The torchlighters for 2007

Unto every person there is a name

  
  

 

Holocaust Martyrs' and Heroes' Remembrance Day (Yom Hashoah in Hebrew) is a national day of commemoration in Israel, on which the six million Jews murdered in the Holocaust are memorialized. It is a solemn day, beginning at sunset on the 27th of the month of Nisan (Sunday evening, April 15, 2007) and ending the following evening, according to the traditional Jewish custom of marking a day. Places of entertainment are closed and memorial ceremonies are held throughout the country.

The central ceremonies, in the evening and the following morning, are held at Yad Vashem and are broadcast on the television. Marking the start of the day, in the presence of the Acting President of the State of Israel and the Prime Minister, dignitaries, survivors, children of survivors and their families, gather together with the general public to take part in the memorial ceremony at Yad Vashem in which six torches, representing the six million murdered Jews, are lit. The following morning, the ceremony at Yad Vashem begins with the sounding of a siren for two minutes throughout the entire country. For the duration of the sounding, work is halted, people walking in the streets stop, cars pull off to the side of the road and everybody stands at silent attention in reverence to the victims of the Holocaust.
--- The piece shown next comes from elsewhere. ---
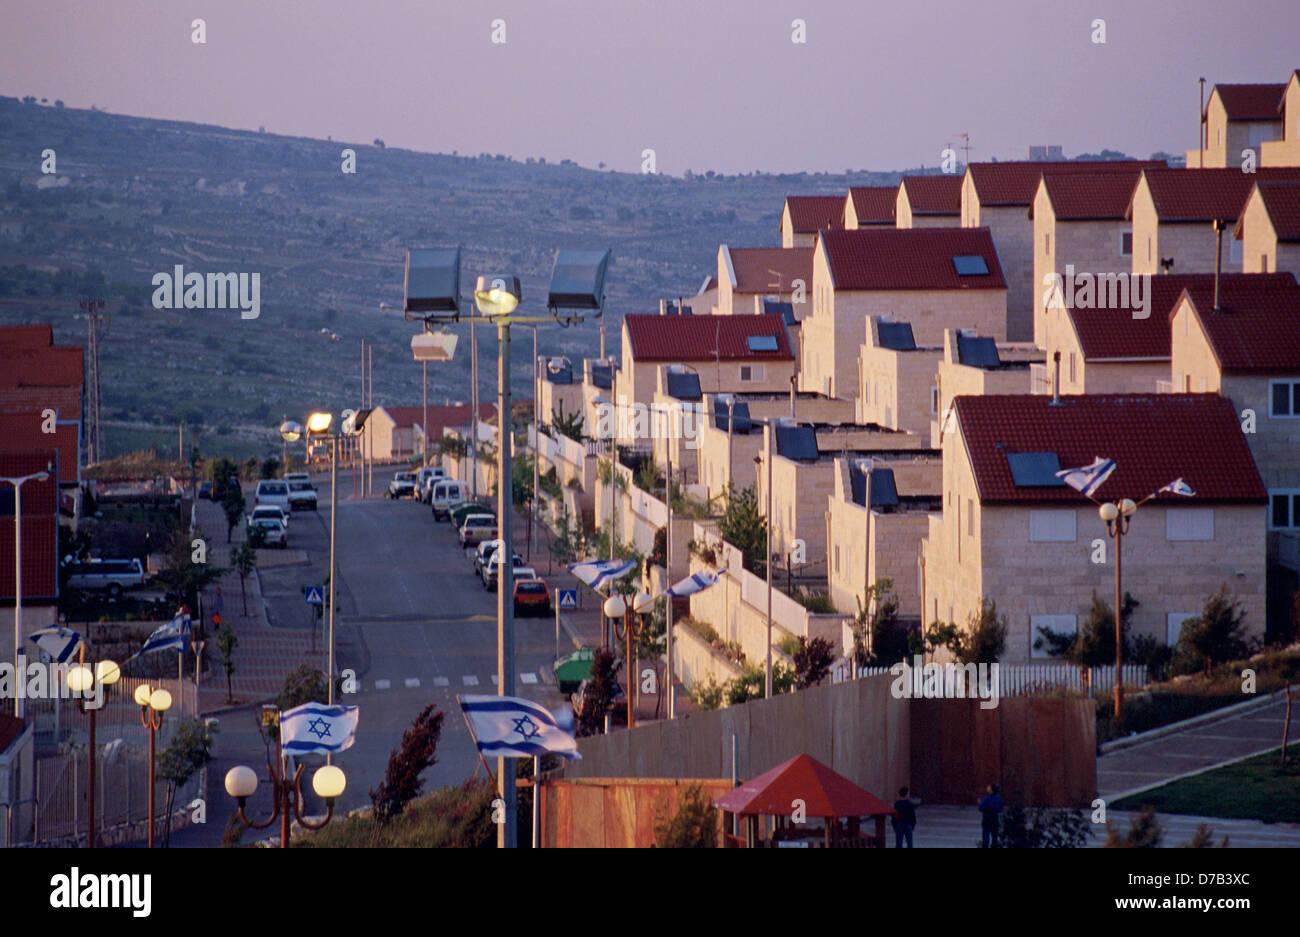 Efrat settlement, gush etzion - Stock Image

Afterward, the focus of the ceremony at Yad Vashem is the laying of wreaths at the foot of the six torches, by dignitaries and the representatives of survivor groups and institutions. Other sites of remembrance in Israel, such as the Ghetto Fighters' Kibbutz and Kibbutz Yad Mordechai, also host memorial ceremonies, as do schools, military bases, municipalities and places of work.
 
The theme of Holocaust Remembrance Day this year is "Bearing witness". Each of the tens of thousands of written, audio and video testimonies of survivors have been recorded adds one more fragment of information about the Holocaust, one more piece in a picture of unimaginable cruelty and mass murder. The personal stories present the Jews as human beings, restoring their identities.


Message from Dalia Itzik,
Acting President of the State of Israel and Speaker of the Knesset

This year, Holocaust Martyrs’ and Heroes’ Remembrance Day will be dedicated to witnesses and testimonies “So that the generations to come might know” (Psalms 78, 6).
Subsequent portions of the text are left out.